Women's hockey still lacks a professional league, however, and Granato, who aims to participate in the 2002 Winter Olympics in Salt Lake City, is momentarily confined to here-and-there international tournaments. She's looking forward to the women's world championships in March in Helsinki, Finland, and admits that the lack of games frustrates both her, and her past and hopefully-future Olympic teammates.

"We were on e-mail all summer complaining about it," said Granato, who finds herself alone on the ice doing sprints these days, hitting the weight room afterward as often as she can.

Gone are the 50-game preparation schedules, and the Olympic financial backing. She's lucky sometimes to find somebody to pass pucks to her in solitary practices, plus she's also taken the full-time responsibility of doing radio color commentary for the Los Angles Kings in return for ice time with Kings coaches and injured players, a job that she's learning to like.

Granato's veteran play-by-play sidekick is Nick Nixon.
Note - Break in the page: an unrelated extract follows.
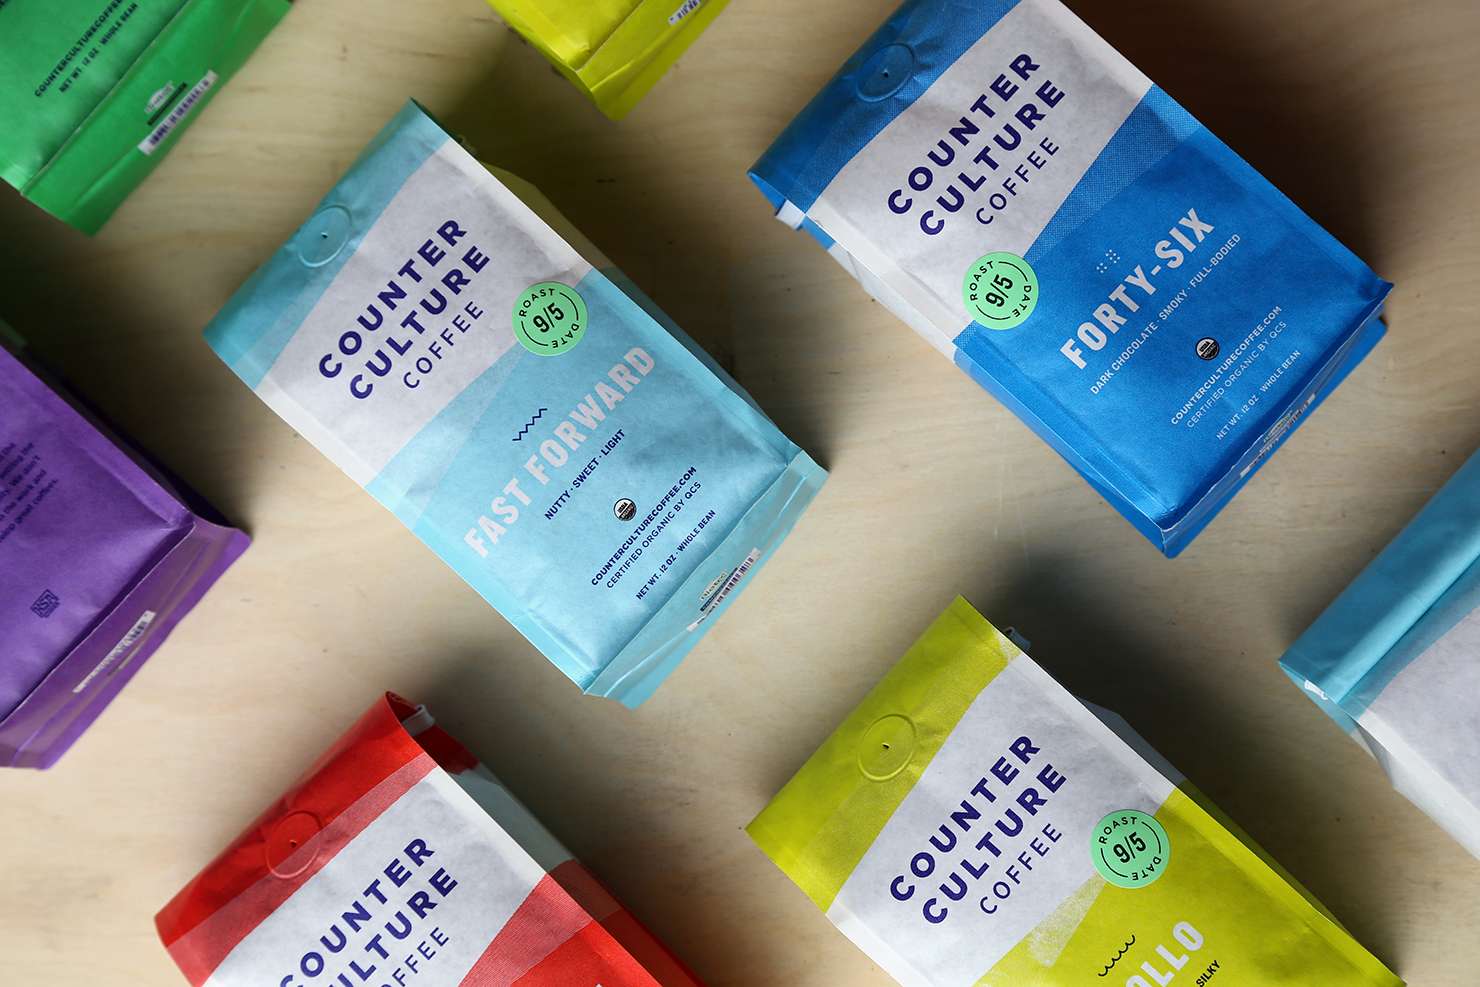 First Look: Counter Culture Coffee Refreshes Lineup With New Design, Names

And for now she'll only grimace and laugh, and say that she's doing better, and that it's a three-year contract, and she wants to improve. She's also juggling broadcasting with too-many-to-count promotional and appearance obligations, but wouldn't change a thing.

That's why, in a non-Olympic year, Saturday's Ice Palace ovation was so warmly received.

"I kept thinking, 'Why me?'" Granato said, grinning. "It was so nice to have somebody in the stands besides your boyfriend and your parents."